Spam filtering altogether by ToadMan8 · 2003-06-26 05:40 · Score: 5, Interesting

I sat on the E-Mail policy team (a branch of the Strategic Planning team) for Miami University (Oxford, OH, not Florida) this last year (as a technical advisor, student and support desk employee. We looked at all sorts of spam solutions, as the president decided this should be a main focus (apparently the Viagra adds hit a bit too close to home for comfort ;)).

The problem in the educational market, though, is that, not being a business that can make rules and force people to live by them, educational establishments have annoyed customers (students and faculty) sometimes if any spam is blocked. (research, etc) False positives absolutely can't be tolerated. So a ranked system (spam assasian) that suggests the possibility of spam is not on the best but the only solution we have avalible. Mail will be ranked and users can make rules that trash everything but a guarenteed perfect mail, if they so desired. Or they can leave them all alone. So intelligent filtering is a necessity, not just a bennefit.
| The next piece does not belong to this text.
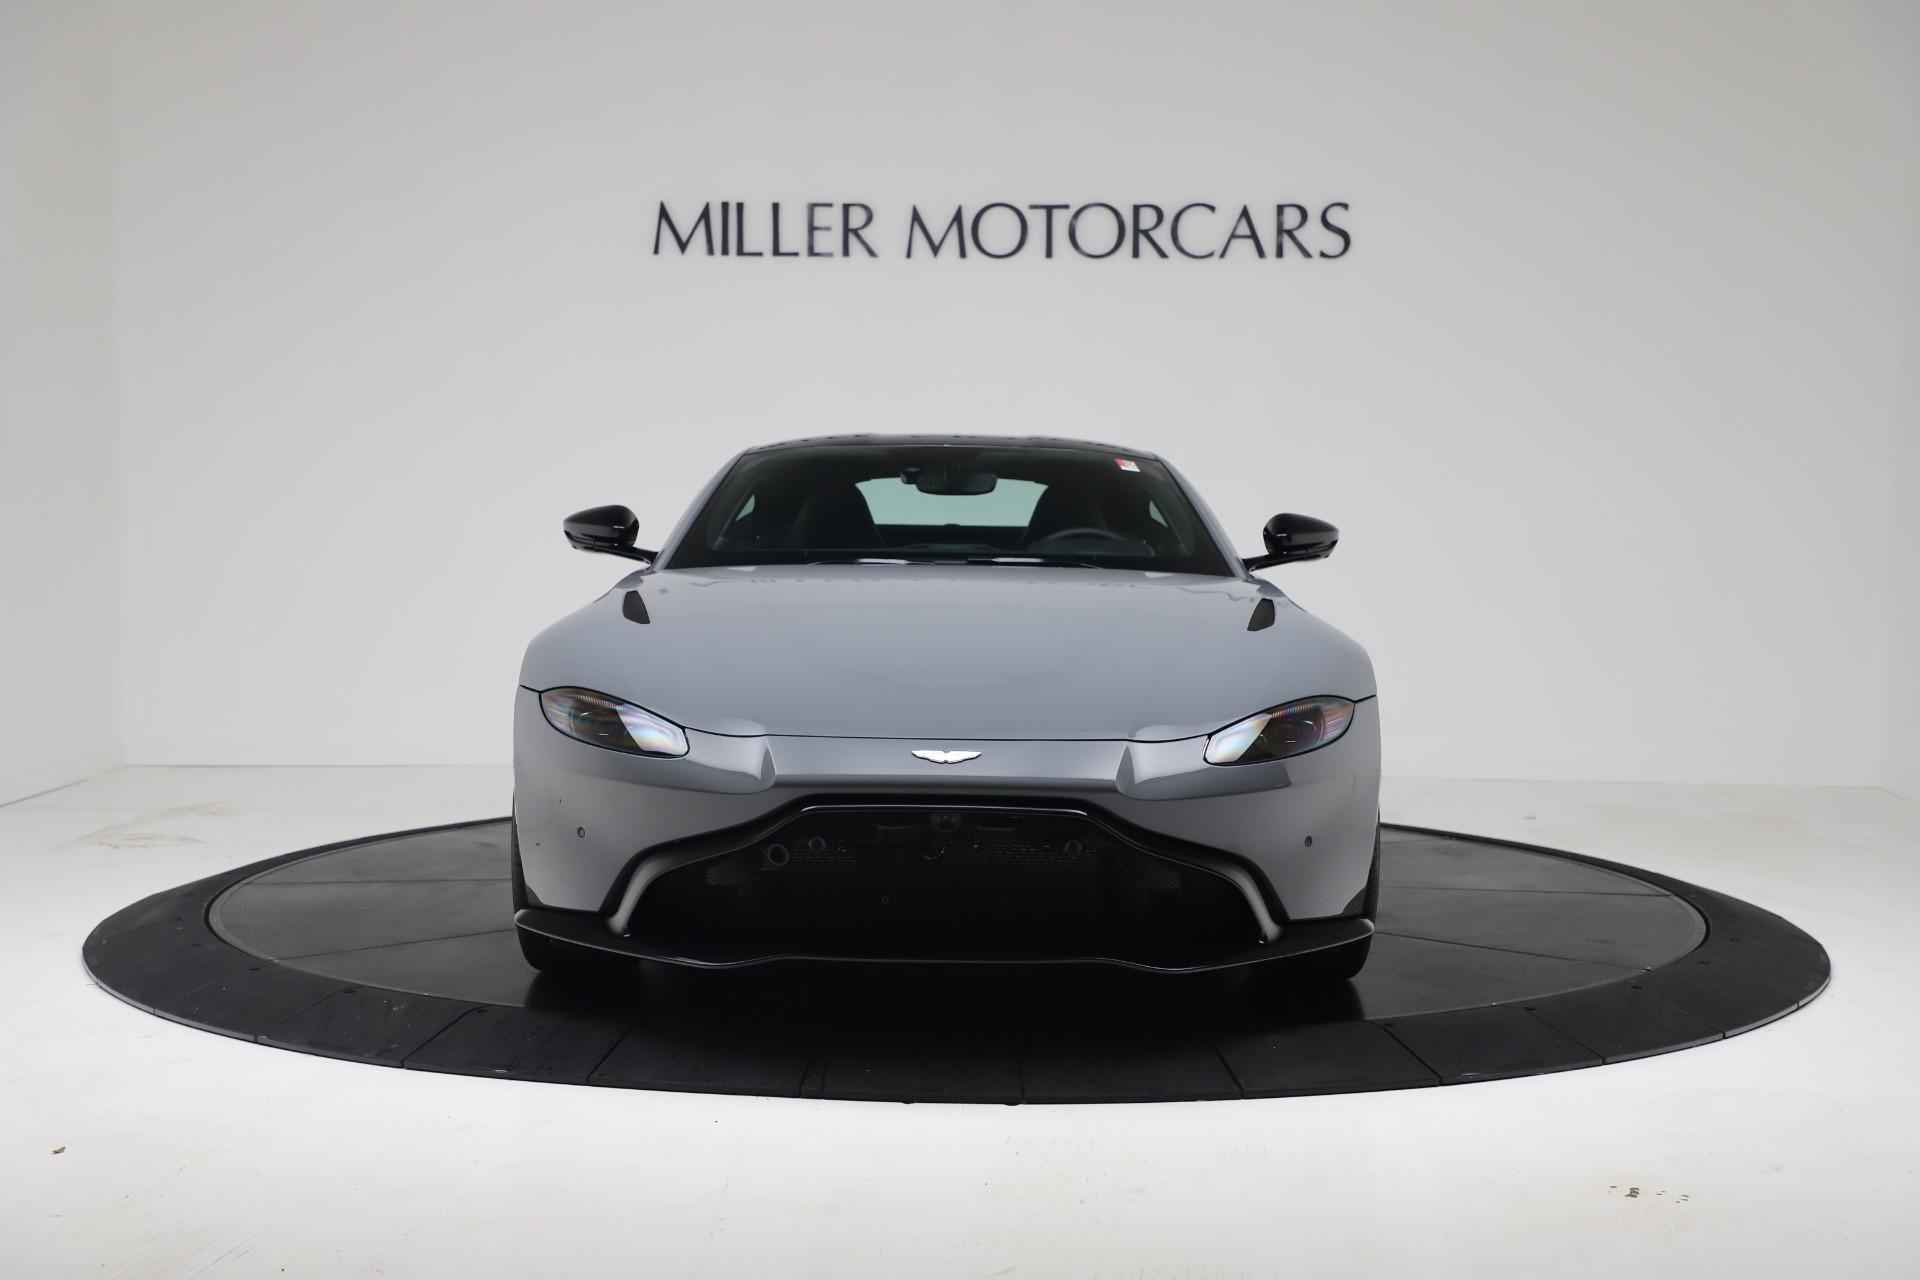 New 2020 Aston Martin Vantage V8 For Sale In Greenwich, CT 3482_p6

On another page, I had an odd place during this discussion of the team. I do not receive spam. (Please, don't start now). My MUOhio.edu address simply doesn't get a single piece of spam e-mail. I have had the account for two years. I have over 3000 messages in various folders. And none are spam at all. I just haven't signed up for anything with it. I put the e-mail addy on webpages too (that I author) and haven't gotten a single thing. But oh my the trash "spam" account gets 60 a day. On AOL. That blocks 80% of incoming mail. Ironically, they had MUOhio.edu blocked weeks back.

--
I haven't posted in so long, my sig is out of date.
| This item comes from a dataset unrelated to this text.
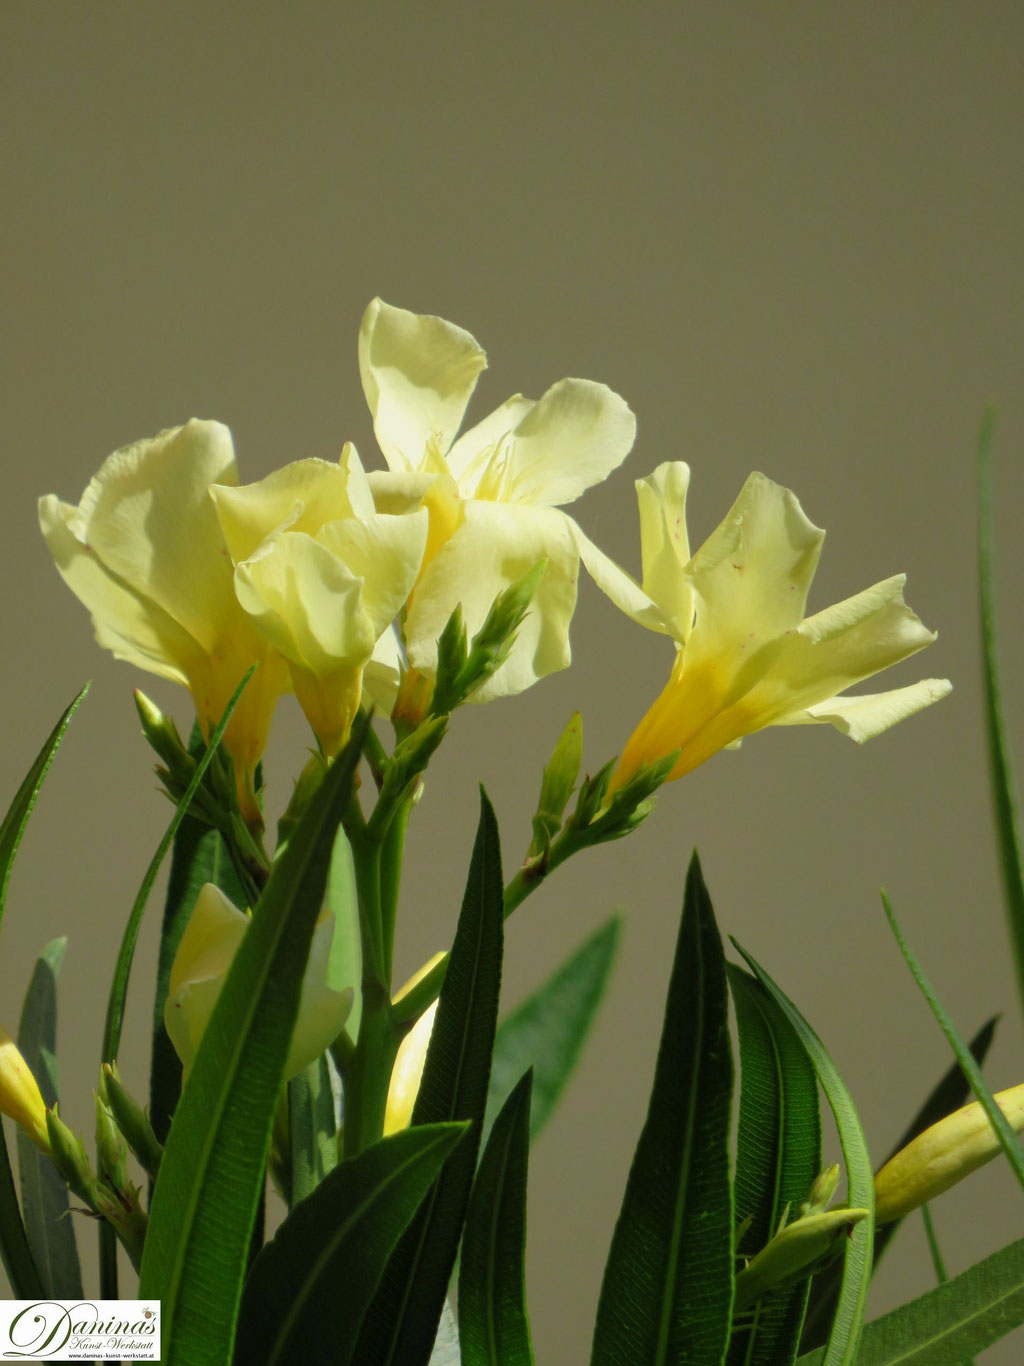 gelb blühender Oleander im Sommer

Remote Images in spam... by dioxn · 2003-06-26 05:49 · Score: 3, Interesting

I've noticed that the spam that has been getting through my Mozilla filter are the ones with innocuous sounding subjects and an embedded image.
Could this be the future of spam?
Does anyone know if any spam filters pick up on this patern or lack of pattern (after all there are no words in the body usually.)

Re:Mozilla Mail by drinkypoo · 2003-06-26 05:51 · Score: 2, Interesting

They work pretty well for me, but nowhere near flawless. Some days I get 25 messages that go into the spam folder and only 3 in my inbox, some days I get about 10 in the spam folder and 5 in the inbox... It's a lot better than nothing. The real reason I run Mozilla for mail is the HTML rendering, which is better than any other mail client I'm aware of; The secondary reason is the bayesian filtering, and the tertiary is Enigmail, though no one I know bothers to use encryption anyway.

--
"You're right," Fisheye says. "I should have set it on 'whip' or 'chop.'"

Re:Written by more than hammond by Wakko+Warner · 2003-06-26 05:58 · Score: 3, Interesting

The number of false positives is almost nil, and the ones that do get hit are spammy looking autogenerated reciepts from purchases I've made.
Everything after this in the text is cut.